Patrick D. Kenneally, State’s Attorney, of Woodstock (Tom Cahill, Assistant State’s Attorney, of counsel), for appellant.

Kwame Raoul, Attorney General, of Chicago (Jane Elinor Notz, Solicitor General, and Leigh J. Jahnig, Assistant Attorney General, of counsel), for appellee.

OPINION

PRESIDING JUSTICE McLAREN delivered the judgment of the court, with opinion.

¶ 1 Plaintiff, Patrick D. Kenneally, in his official capacity as McHenry County State’s Attorney (State’s Attorney), sued the Department of Corrections (Department) pursuant to the Freedom of Information Act (Act) (5 ILCS 140/1 et seq. (West 2020)). The State’s Attorney alleged that, in violation of the Act, the Department refused to disclose information on certain individuals who had been released from the Department. The State’s Attorney appeals from the entry of a summary judgment in the Department’s favor. We affirm.

¶ 2 I. BACKGROUND

¶ 3 On May 26, 2021, the State’s Attorney filed a complaint for declaratory and injunctive relief against Rob Jeffreys, in his official capacity as director of the Department. The State’s Attorney later amended the complaint to name the Department itself (instead of Jeffreys) as defendant. The amended complaint alleged that, on January 21, 2021, the State’s Attorney sent the Department a written re- quest under the Act, seeking information about certain formerly incarcerated individuals. On January 28, 2021, the Department denied the request in a letter indicating that, under section 7(1)(a) of the Act (id. § 7(1)(a)), the requested information was exempt from disclosure because state law prohibited disclosure, namely, section 3-5-1(b) of the Unified Code of Corrections (Code of Corrections) (730 ILCS 5/3-5-1(b) (West 2020)). According to the complaint, section 3-5-1(b) protected only the information of persons "committed" to the Department. Id. The complaint alleged that section 3-5-1(b) did not apply, because the State’s Attorney sought information about released individuals. The complaint alternatively alleged that, even if section 3-5-1(b) applied, it did not prohibit releasing the requested information to law enforcement agencies. The complaint asked the court to declare the Department in violation of the Act and order it to produce the requested records.

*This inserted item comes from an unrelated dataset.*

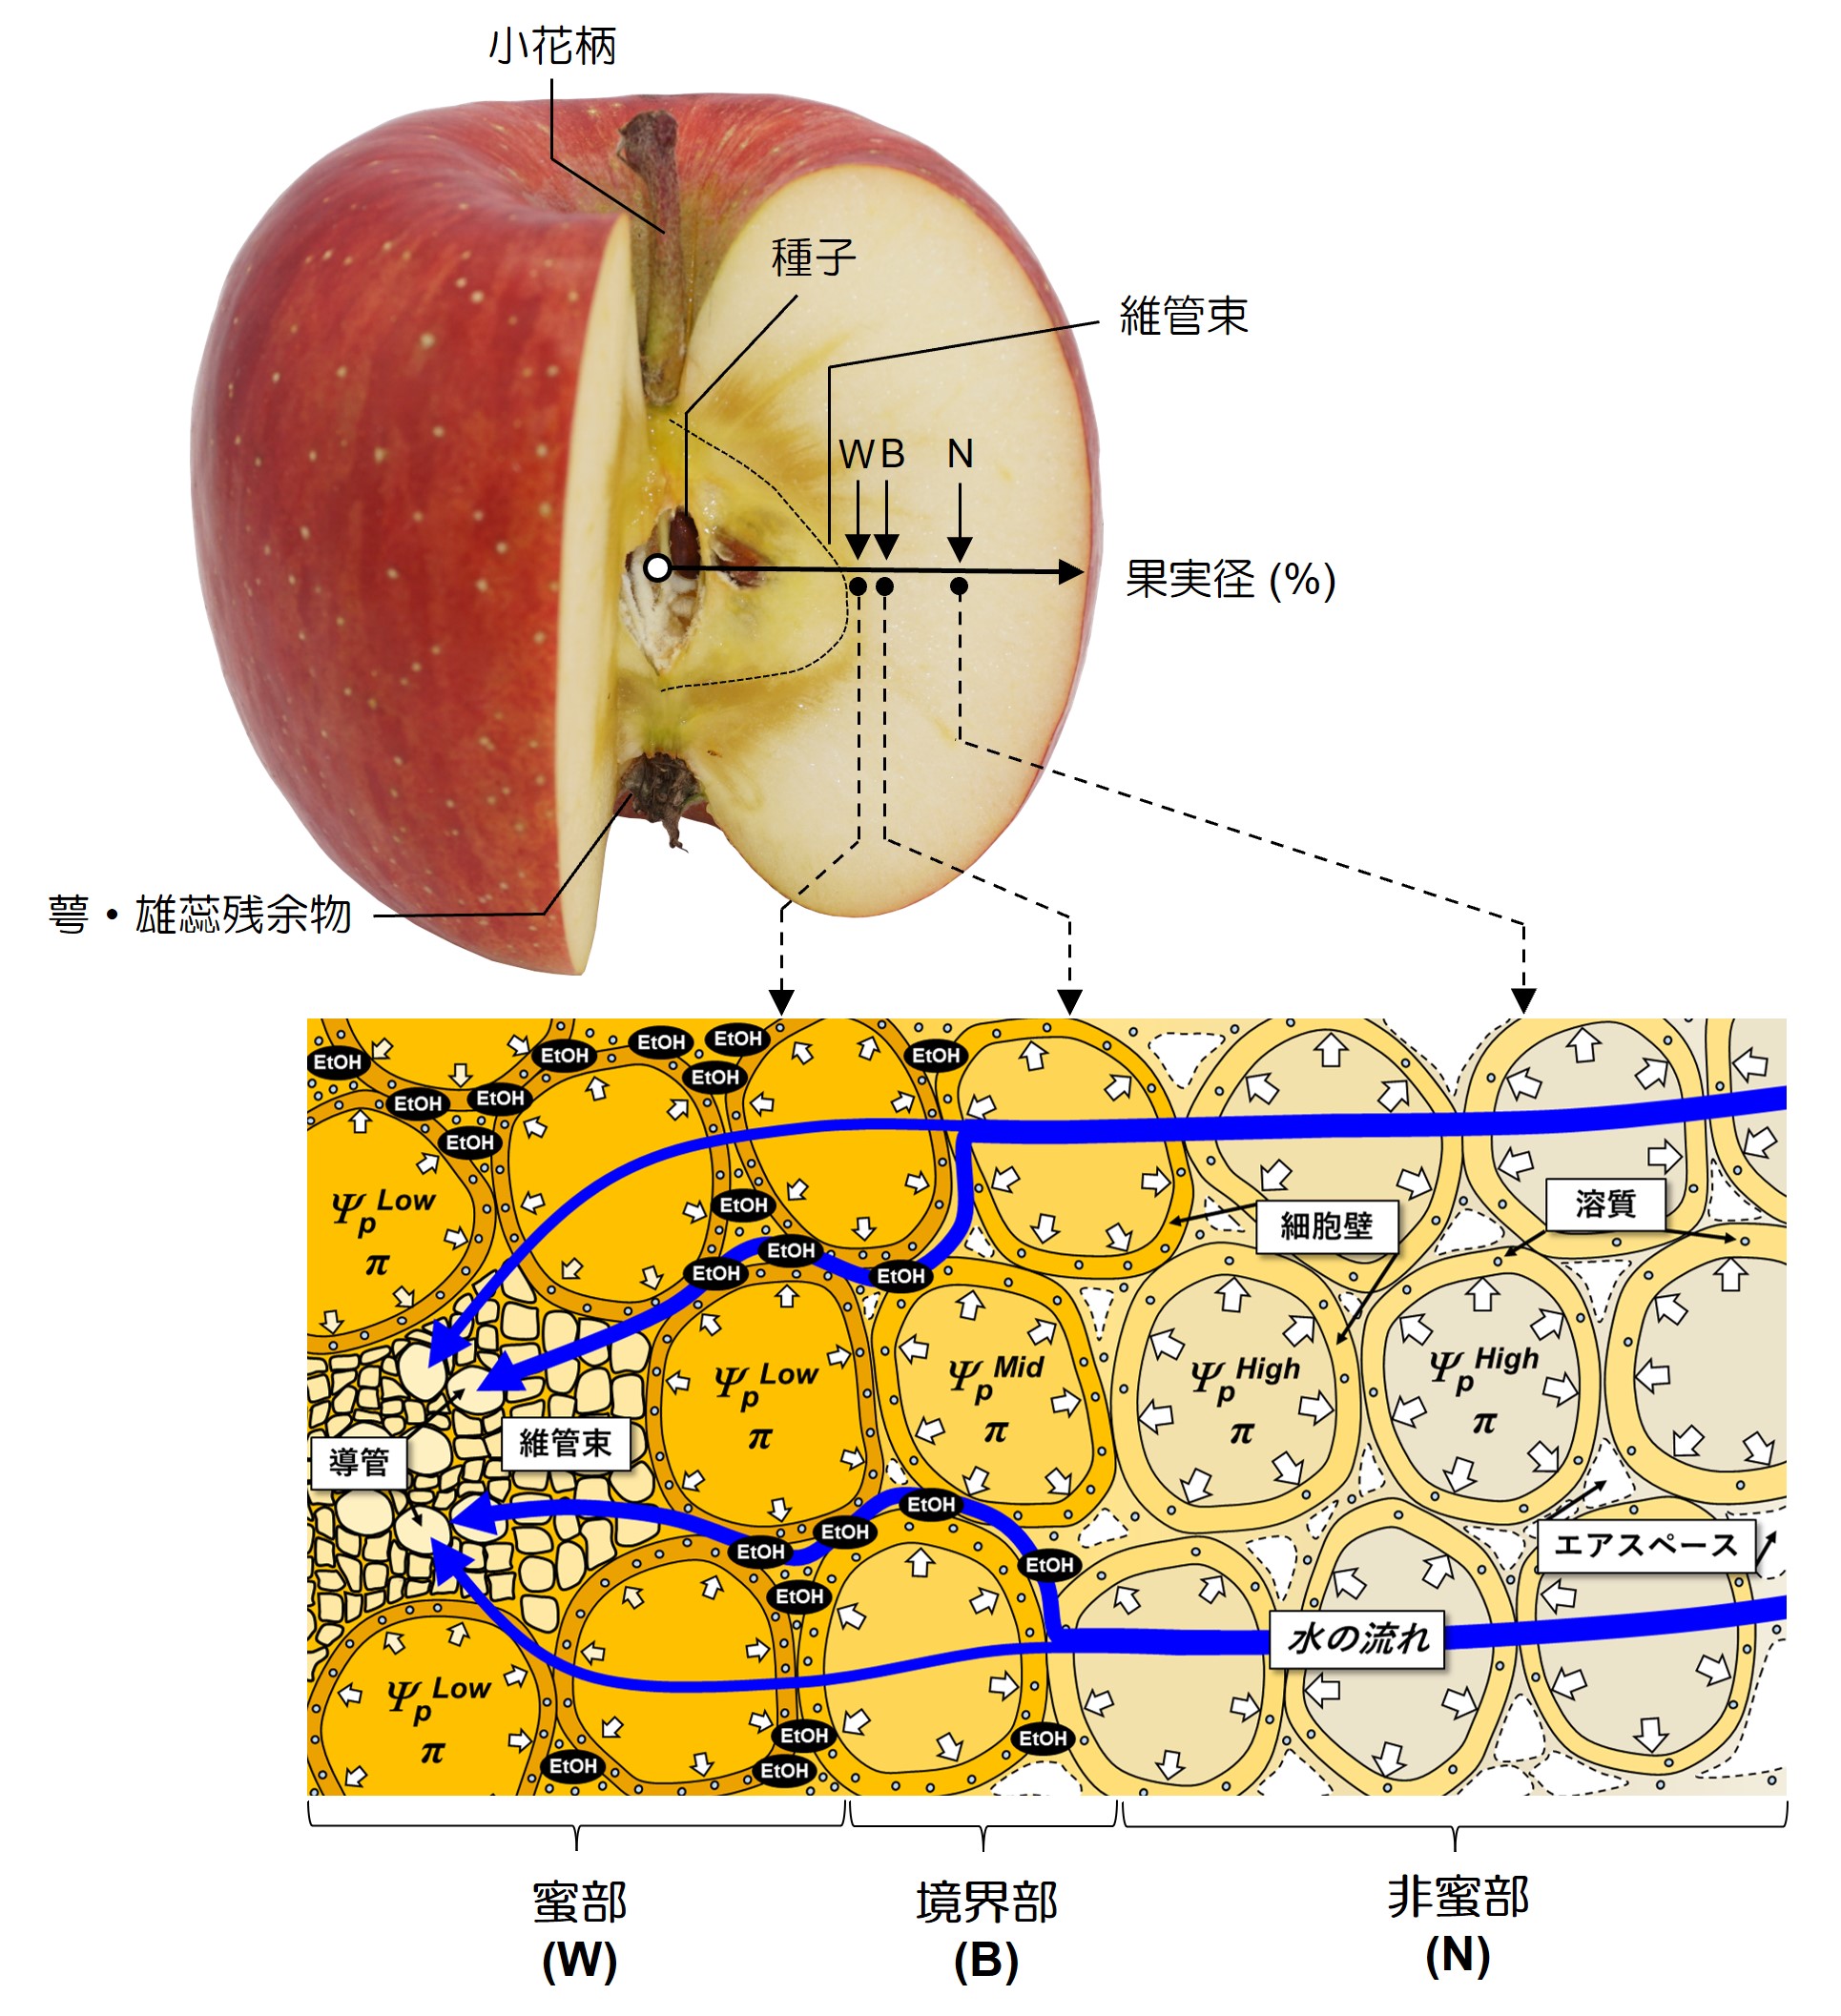 蜜入りリンゴのメカニズム、世界で初めて明らかに！ | 愛媛大学 研究成果ストックサイト

¶ 4 After the Department filed its answer, the parties filed cross-motions for summary judgment. On May 12, 2022, the court granted the State’s Attorney’s motion and denied the Department’s crossmotion. The court ordered the Department to produce the requested material and to pay a $2500 civil penalty. However, the Department moved for reconsideration. The court granted the motion, vacated the May 12, 2022, order, and entered judgment in favor of the Department. The State’s Attorney filed a timely notice of appeal.

¶ 5 II. ANALYSIS

[1] ¶ 6 Summary judgment is proper "if the pleadings, depositions, and admissions on file, together with the affidavits, if any, show that there is no genuine issue as to any material fact and that the moving party is entitled to a judgment as a matter of law." 735 ILCS 5/2-1005(c) (West 2020). We review de novo the trial court’s ruling on a summary judgment motion. Chicago Sun-Times v. Cook County Health & Hospitals System, 2022 IL 127519, ¶ 24, 465 Ill.Dec. 758, 215 N.E.3d 963. When, as in this case, the parties file cross-motions for summary judgment, "they agree that only a question of law is involved and invite the court to decide the issues based on the record." Pielet v. Pielet, 2012 IL 112064, ¶ 28, 365 Ill.Dec. 497, 978 N.E.2d 1000.

¶ 7 Section 1.2 of the Act (5 ILCS 140/1.2 (West 2020)) provides, "All records in the custody or possession of a public body are presumed to be open to inspection or copying. Any public body that asserts that a record is exempt from disclosure has the burden of proving by clear and convincing evidence that it is exempt." As pertinent here, the term "public body" means:

"all legislative, executive, administrative, or advisory bodies of the State, state universities and colleges, counties, townships, cities, villages, incorporated towns, school districts and all other municipal corporations, boards, bureaus, committees, or commissions of this State, any subsidiary bodies of any of the foregoing including but not limited to committees and subcommittees thereof, and a School Finance Authority created under Article 1E of the School Code." Id. § 2(a).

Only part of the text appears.